We have observed over many years of research and working with people like you that the following steps will help you to alleviate some of these issues and allow you to focus on optimising your assistant and Allied Health Professional workforce.

  1. Provide your assistant with lots of joint learning opportunities, surround them with a team rich in skills and have your qualified staff contribute to their training – Your assistant is only as skilled as the team who trains & surrounds them! To achieve this however an assistant ideally needs to work in a team with a broad skill mix, have good team working relationships, be trained by the qualified staff within the team they work in and ideally also be located with the team. When qualified team members are involved in training assistants, they are more likely to delegate to them consistently.
  2. Ensure all clients are assessed in a timely manner by a qualified practitioner – this enables assistants to feel confident to deliver a risk-free and safe intervention to clients.
  3. Establish clear communication structures between qualified and assistant staff – this enables assistants to voice concerns or provide feedback about a client’s progress. We have found that this is an essential mechanism for good client outcomes.
  4. Where possible have all team members working from a common base to promote communication and skill sharing: Having a common team location enables informal, daily client feedback and discussion as well as professional advice and information supervision. Where this isn’t geographically or physically possible, try to facilitate team interaction using other online means.
  5. Remove barriers that prevent staff working to their full scope of practice: staff who are deemed competent to carry out a task should be enabled to do this as much as possible. This holds true for both assistants and Allied Health Professionals. In fact, the more you encourage AHPs to work to full (or expanded) scope of practice, the more opportunity there is for the assistant staff to work to their full scope of practice (and for career progression).
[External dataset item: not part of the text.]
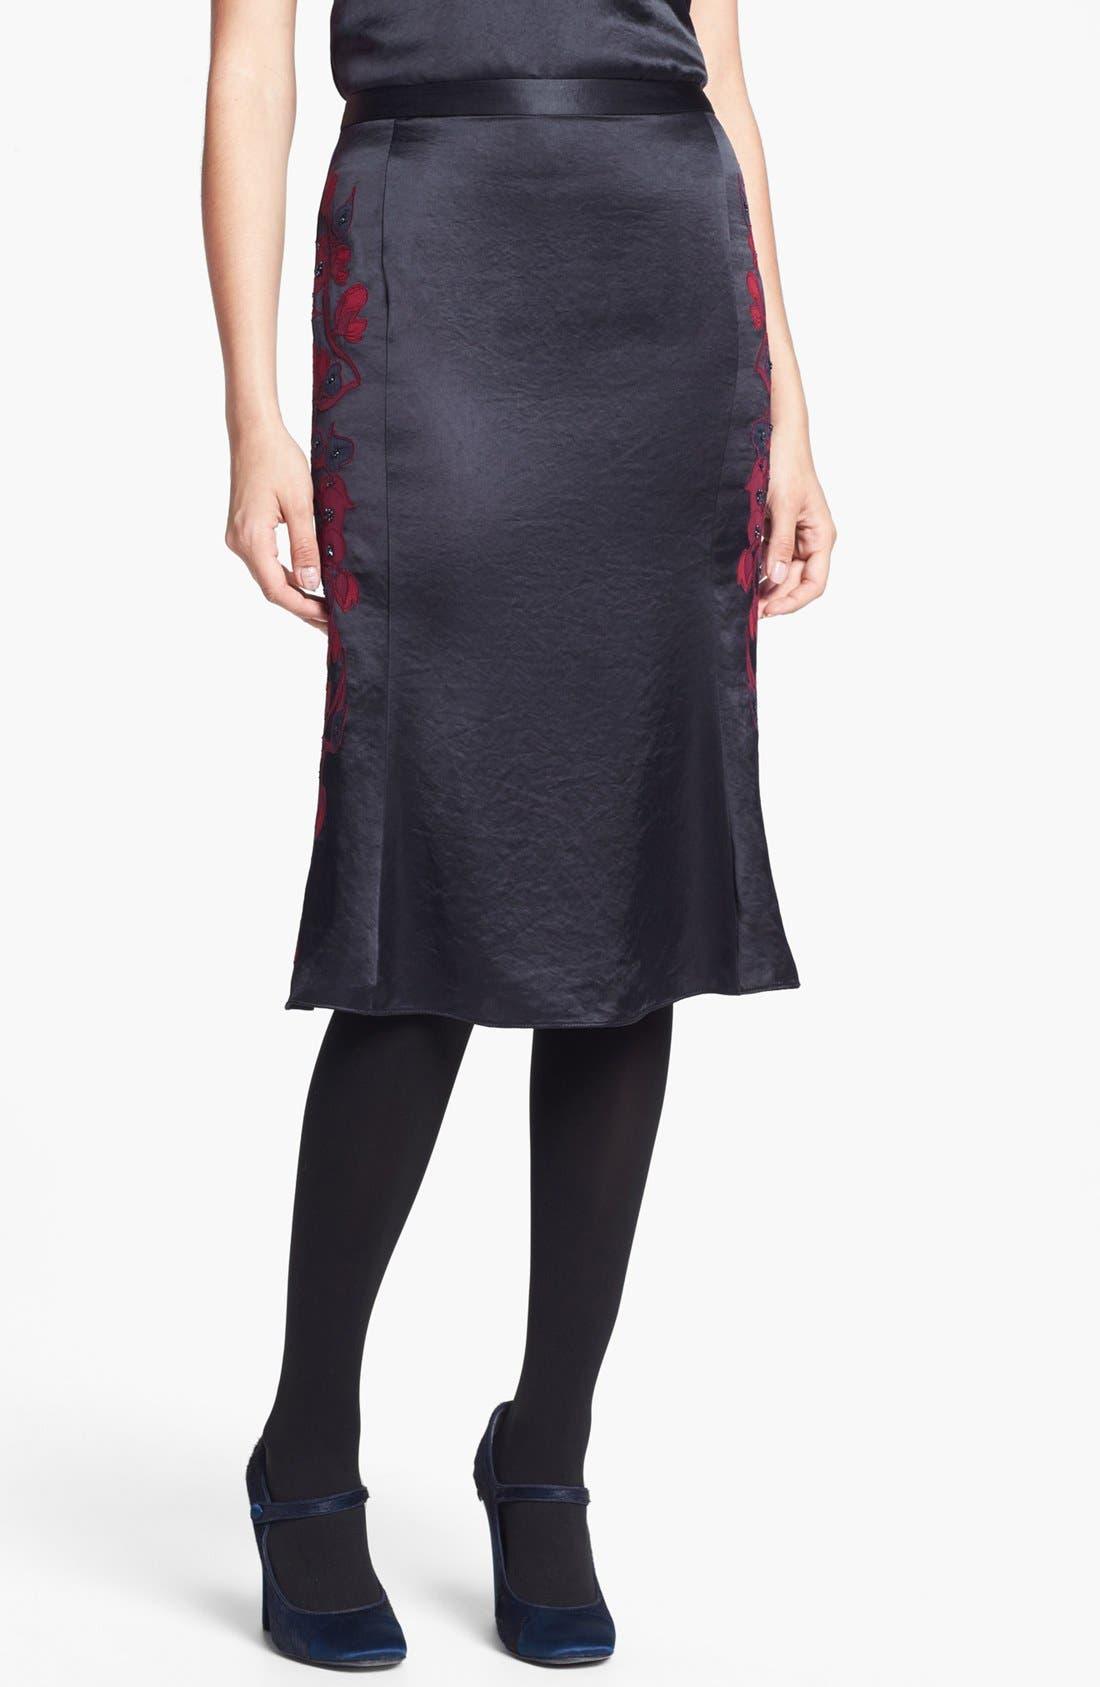 Alternate Image 1 Selected - Tory Burch 'Uma' Embellished Midi Skirt

A common barrier to this is inconsistent staffing, culture and historical practices in the organisation.
  6. Allow sufficient time for assistant-client interaction: This enables therapeutic relationships to develop. This is particularly important where AHPs play a greater role in assessment and diagnosis and assistants in therapy provision.
  7. Ensure an appropriate ratio of assistant to qualified staff: the employment of assistants to increase service capacity needs to be balanced against sufficient qualified staff with the time and skills to deliver training and supervision. Targeting deployment of Allied Health Assistants around specific patient characteristics will also increase workforce efficiency. This is not a one size fits all formula. Include qualified AHPs in discussions around what this should look like and consider using a tool like the Therapy Outcome Measures to identify patient characteristics that are best matched for AHA input.
  8. Appropriately resource the role for training and supervision: While many Allied Health Assistants have a vocational qualification, their level of skill and capability will ultimately come from on the job training (see point 1 and 7). Allied Health Assistants need to be trained, supervised, managed, provided continuing professional development and supported. This needs to be appropriately resourced.
  9. Avoid role ambiguity: Be clear with which roles are delegated to whom and keep that consistent. Involve your whole team in setting up a delegation framework. Tools like the Calderdale Framework are designed to facilitate this.


For Beverly (our assistant at the beginning) and the team she belonged to, clearly there were issues around working to full scope of practice and role ambiguity. Better staffing consistency and a delegation framework may have helped this team to be more efficient and ultimately, with better use of staffing resources, the service could have helped more patients.

Simply employing an Allied Health Assistant does not automatically expand your service or business or release an Allied Health Professional to undertake advanced scope role. It takes planning and careful consideration. Try applying these principles to your Allied Health Assistant workforce models and see how you measure up! What are you going to tackle first?!